The victory for the energy companies proved to be disastrous for those affected by it. Since publicizing the ingredients in proprietary leases is not mandated by law, the public has had no recourse for mandating that energy companies release the contents of their fracking fluids.

Despite this lack of transparency TEDX (The Endocrine Disruption Exchange) has compiled an incomplete list of the names of products and their chemicals indirectly from industry Material Safety Sheets, state Emergency Planning and Community-Right-To-Know, (EPCRA), Tier II Reports, Environmental Impact Statement and Environmental Assessment Statement disclosures, rule-making documents and accident and spill reports which can be viewed here.

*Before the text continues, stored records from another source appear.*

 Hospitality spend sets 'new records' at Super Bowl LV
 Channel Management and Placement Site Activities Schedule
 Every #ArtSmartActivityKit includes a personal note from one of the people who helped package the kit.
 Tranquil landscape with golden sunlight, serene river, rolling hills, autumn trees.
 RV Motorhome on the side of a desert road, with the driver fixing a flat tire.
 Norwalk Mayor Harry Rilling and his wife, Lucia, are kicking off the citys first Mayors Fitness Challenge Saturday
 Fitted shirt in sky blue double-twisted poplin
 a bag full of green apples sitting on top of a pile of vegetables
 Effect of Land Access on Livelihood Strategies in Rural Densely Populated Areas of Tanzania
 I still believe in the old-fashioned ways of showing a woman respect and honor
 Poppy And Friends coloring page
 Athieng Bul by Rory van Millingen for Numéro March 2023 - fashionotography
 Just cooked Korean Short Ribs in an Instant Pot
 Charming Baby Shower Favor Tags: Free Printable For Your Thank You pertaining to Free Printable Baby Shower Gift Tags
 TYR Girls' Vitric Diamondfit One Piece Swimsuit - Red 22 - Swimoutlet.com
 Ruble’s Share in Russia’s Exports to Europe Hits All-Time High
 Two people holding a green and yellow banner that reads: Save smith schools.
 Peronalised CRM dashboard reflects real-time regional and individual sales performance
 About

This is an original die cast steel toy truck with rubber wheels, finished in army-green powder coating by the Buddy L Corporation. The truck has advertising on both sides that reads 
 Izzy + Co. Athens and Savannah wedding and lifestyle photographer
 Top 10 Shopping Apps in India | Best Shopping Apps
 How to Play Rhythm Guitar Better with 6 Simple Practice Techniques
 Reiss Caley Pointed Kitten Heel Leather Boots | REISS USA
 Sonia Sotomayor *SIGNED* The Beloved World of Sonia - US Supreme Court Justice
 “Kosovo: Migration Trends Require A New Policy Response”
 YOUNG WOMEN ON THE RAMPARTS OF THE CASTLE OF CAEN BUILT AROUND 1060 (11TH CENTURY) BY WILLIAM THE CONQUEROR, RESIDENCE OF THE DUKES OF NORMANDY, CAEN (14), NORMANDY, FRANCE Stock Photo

As more communities experienced adverse effects from horizontal drilling, there have been calls to regulate the industry. Ironically, in an Orwellian twisting of the truth, the industry counters by arguing that the EPA 2004 report, (which we have already seen was heavily influenced by the industry), is proof enough that the process is safe and needs no regulation.

This argument is used in the industry website Energy in Depth to refute The Center for American Progress's (CAP) demands for legislation revealing the ingredients of fracking fluids.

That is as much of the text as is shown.